Vie spirituelle et mission
Vie spirituelle et mission
La doctrine de Thérèse, quoique sortie d'un cœur de jeune fille, possède la rigueur des plus grands mystiques. Sa « Petite Voie » n'est pas un raccourci sentimental, mais une intuition christologique : Dieu se révèle Père dans le Fils, et la créature n'a qu'à se laisser saisir, comme l'enfant aux bras paternels. Cette voie d'abandon, héritée à la fois de saint Jean de la Croix et de l'École française, redonne sens à la vie ordinaire : un sourire offert, une parole tue, un travail accepté deviennent, dans la grâce, matière d'éternité.
Au cœur du Carmel, Thérèse découvre aussi sa vocation universelle : « Dans le Cœur de l'Église, je serai l'Amour. » Cette parole, écrite en septembre 1896, condense une ecclésiologie de la communion où chaque membre, par son service caché, irrigue le Corps tout entier. Sa correspondance avec deux missionnaires, le Père Roulland et l'abbé Bellière, atteste qu'elle ne sépara jamais contemplation et apostolat : c'est précisément pourquoi Pie XI la proclama, en 1927, patronne universelle des missions, à égalité avec saint François-Xavier. Ses derniers mois, livrés à la nuit de la foi, manifestent enfin l'identification au Christ souffrant : Thérèse est conduite, sans qu'elle le sût, au sommet d'une théologie de la croix qui demeure son legs le plus profond à l'Église contemporaine.

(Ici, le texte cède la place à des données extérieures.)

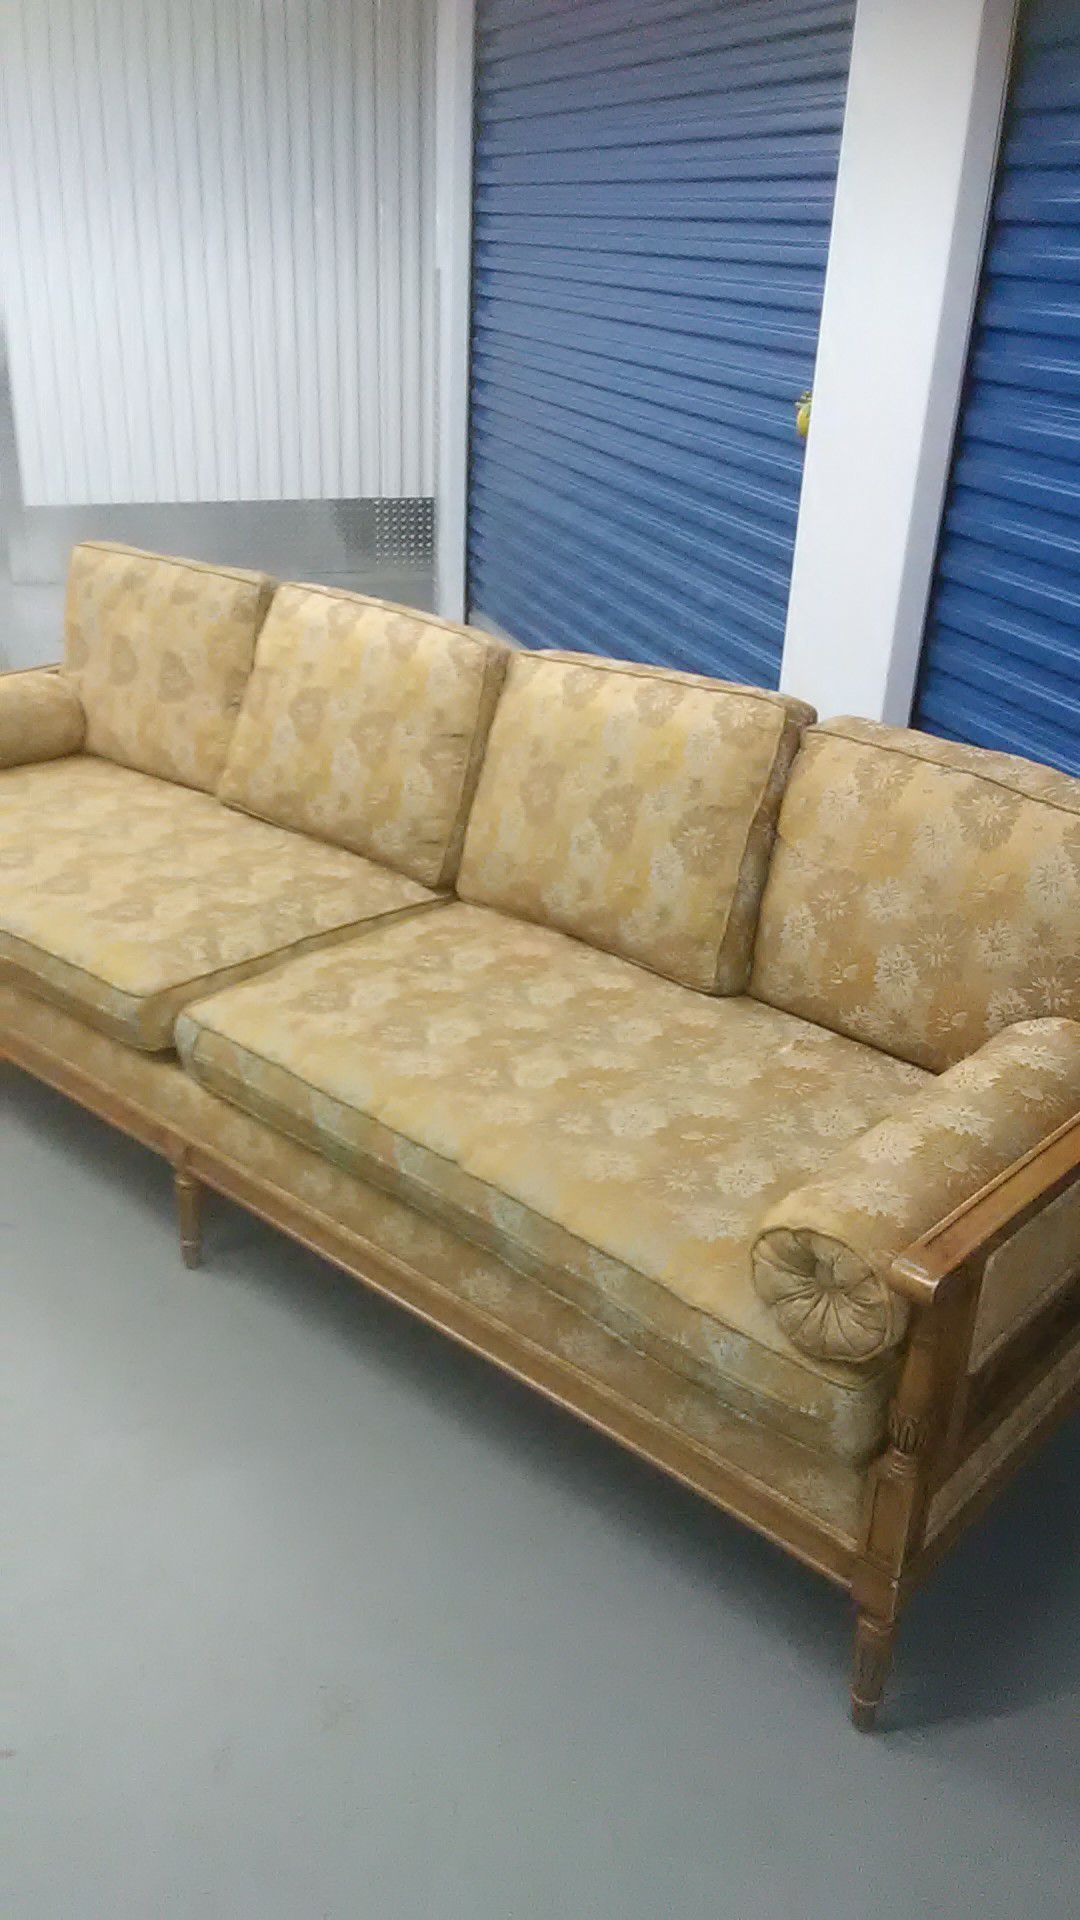 1960s 70s retro floral orange and yellow couch sofa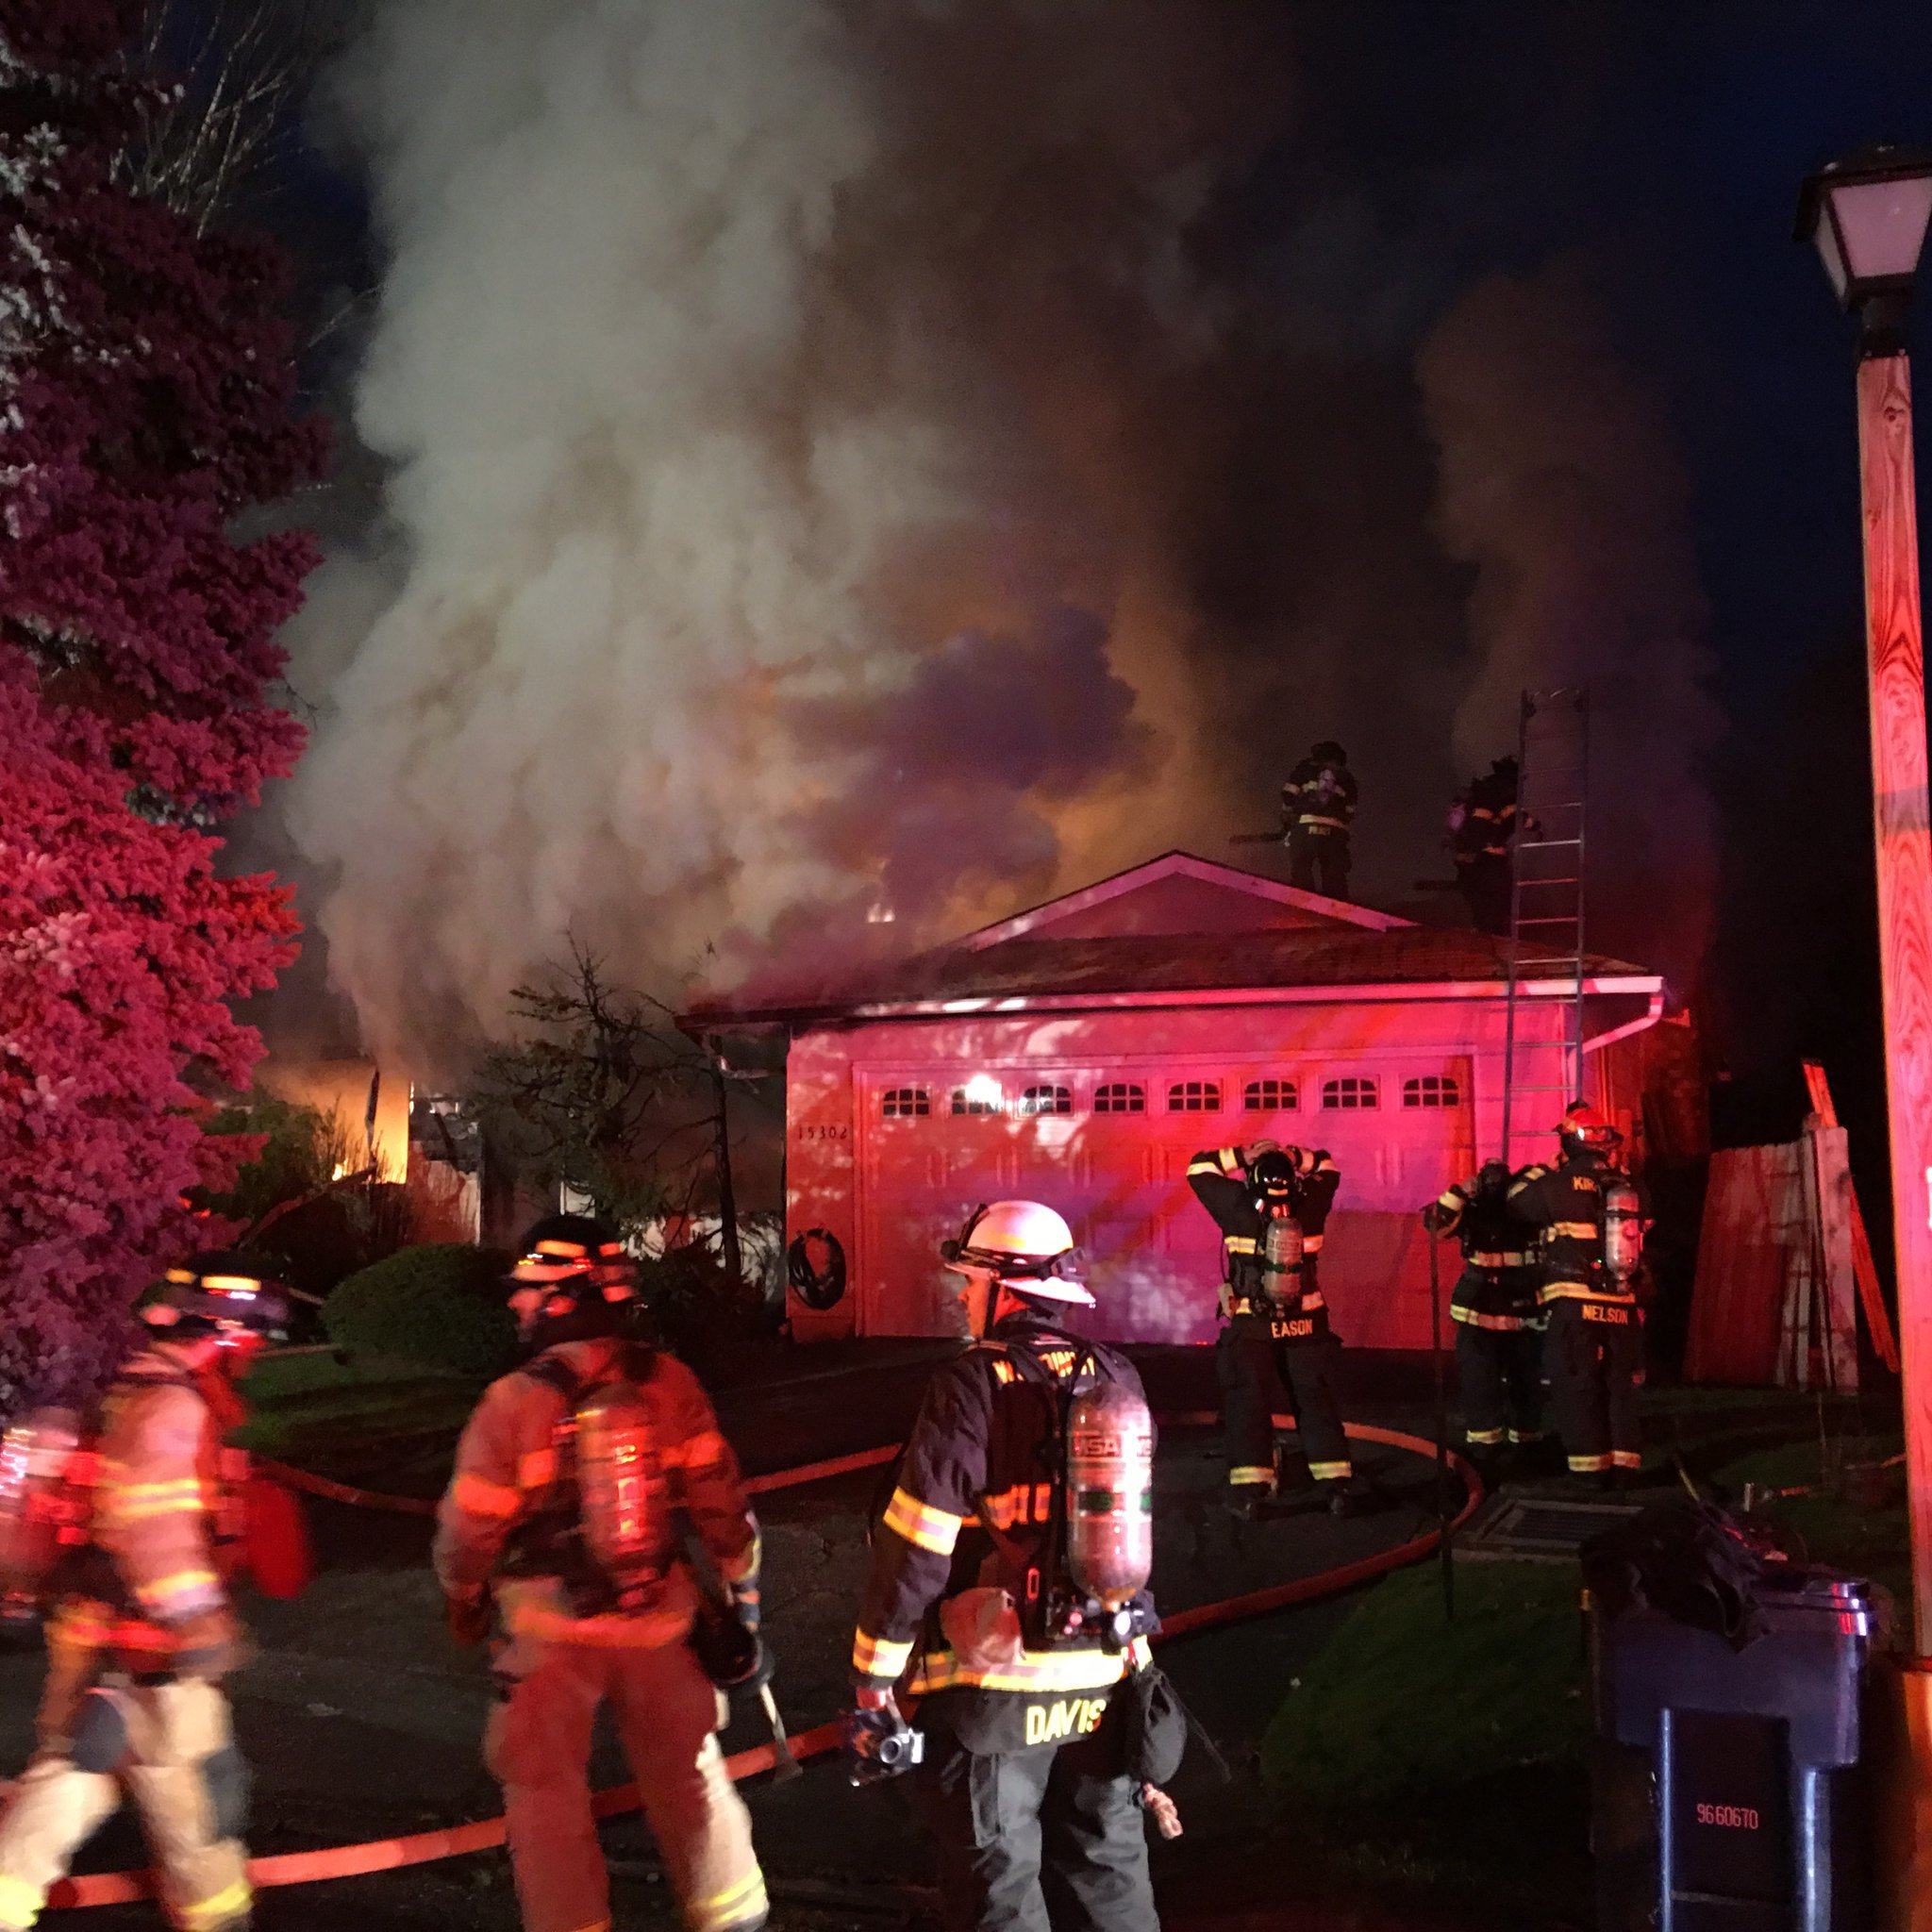 Five departments, including Bothell Fire and E.M.S., responded to this house fire in Bothell on Monday evening. Photo courtesy of the Bothell Police Department

Postérité, culte et miracles
La publication, en 1898, d'Histoire d'une âme, manuscrits autobiographiques rédigés à la demande de ses sœurs, provoque dans le monde catholique un retentissement que rien ne laissait prévoir. Traduit en quelques années dans presque toutes les langues, le livre touche autant les humbles que les théologiens, et déclenche, depuis Lisieux, ce que l'on a pu appeler une « pluie de roses » : conversions, guérisons, vocations attribuées à l'intercession de la jeune carmélite. Béatifiée par Pie XI le 29 avril 1923, elle est canonisée par le même pape le 17 mai 1925, devant une foule immense réunie place Saint-Pierre.
L'Église de France la reçoit comme l'une des siennes : Pie XII la déclare, le 3 mai 1944, patronne secondaire de la France, aux côtés de sainte Jeanne d'Arc, deux figures complémentaires d'une même vocation nationale, l'une par le glaive, l'autre par la prière. Le 19 octobre 1997, au terme d'une enquête doctrinale exigeante, Jean-Paul II proclame Thérèse Docteur de l'Église, la troisième femme, après sainte Catherine de Sienne et sainte Thérèse d'Ávila, à recevoir ce titre. La basilique de Lisieux, achevée en 1954, demeure le second lieu de pèlerinage de France après Lourdes, et accueille chaque année près d'un million de fidèles attirés par cette petite voie qui se révèle, à l'usage, prodigieusement large.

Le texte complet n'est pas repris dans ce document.